Sarah is writing again and taking photos.
In addition to prolifically publishing to her blog, La Masion Boheme, Sarah is a regular contributor to the popular home design website houzz.com. She profiles a wide array of Lake Highlands abodes — more than a hundred of them last year.
“I like observing the ways people move through the world, she says. “What do people love and how does it manifest in their home space?”
Her own home is a constant work in progress.
It is a “moving, living organism,” she says.
A model of form and function, its fascinating, aesthetic rooms are designed to accommodate wheelchair travel.
The Greenmans recently started seeking more holistic approaches to homemaking — the goal is a transition from consumer household to producing household, Sarah says.
They grow vegetables out back and own egg-producing chickens (who live in an extremely chic, secure coop designed by local playhouse builder James Curvan).
They make food from scratch, collect rainwater and sublease their remodeled garage to a young couple in exchange for help with cooking and household tasks.
Charlie’s medical expenses can be extreme.
Jack is a tenured professor at Southern Methodist University whose insurance plan covers some of them.
Richardson-based nonprofit The Warren Center provides valuable physical, speech and nutritional therapy for young children with disabilities.
The organization has been invaluable, Sarah says, though Charlie is now 5 and will not qualify much longer for services.
A family friend, Anne Engelking Smith, set up the website Help Charlie Heal in 2010, where both she and Sarah write about Charlie, and people can donate money when needs arise.
“It probably goes without saying that even with a good insurance plan, this kind of specialized care is expensive,” notes Smith. “It takes a village, and the one that supports Charlie stretches across the country and is a powerful one.”
The site helped fund a wheelchair and, more recently, a gait trainer to help Charlie walk, both of which cost thousands of dollars and were not covered by the Greenman’s health insurance.
Life is difficult.
Sometimes Charlie goes through bouts of screaming. “It’s an ear-piercing shriek,” Sarah says.
Sarah’s brother, “a real artist,” Sarah calls him, recently died unexpectedly, and it was a terrible blow.
In times of distress, like years ago when Charlie faced life-threatening surgery, “art comes to the rescue,” Sarah says.
How do you handle it all?
Sarah hears this question a lot.
In typical self-deprecating fashion, Sarah answers, “I do a lot of things half-assed.”
Seriously, she continues, “I give what I’ve got when I’ve got it.
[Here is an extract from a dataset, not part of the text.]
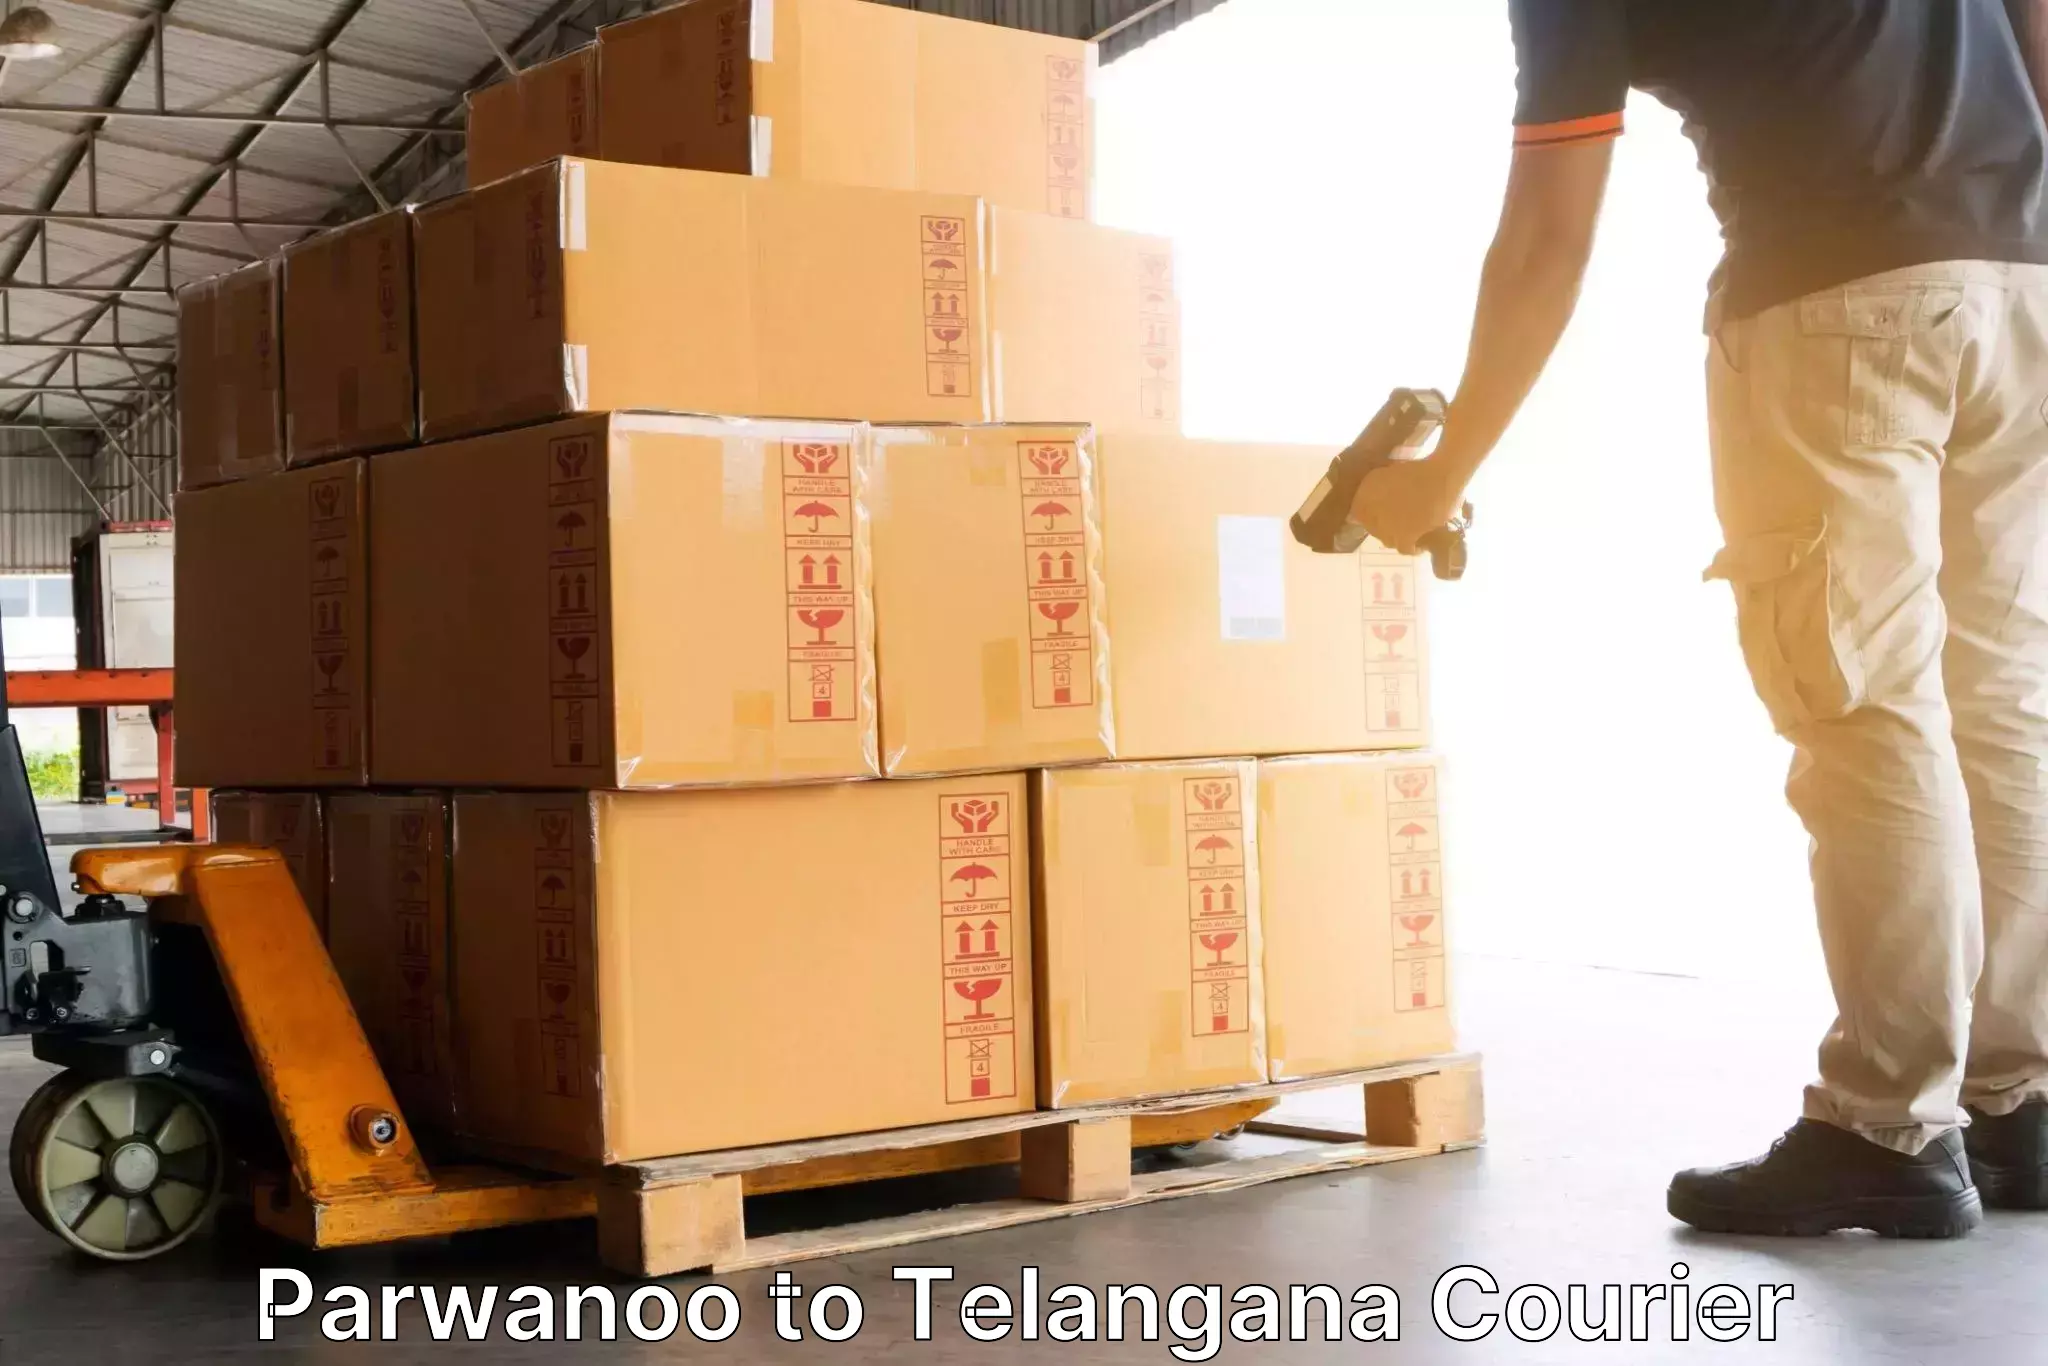 Efficient cargo handling Parwanoo to Bhainsa

I crank out art when I have time. I spend time on things that I think matter, which makes it much easier.”
Jack, who has evenings and summers off, shares the workload.
The key is not having expectations, anticipating the unexpected and living for the moment as much as possible, Sarah says.
“The thing is — you don’t want to miss what is in front of you. That is Walker, Charlie, Jack and the great people in my life. As they are, right now.”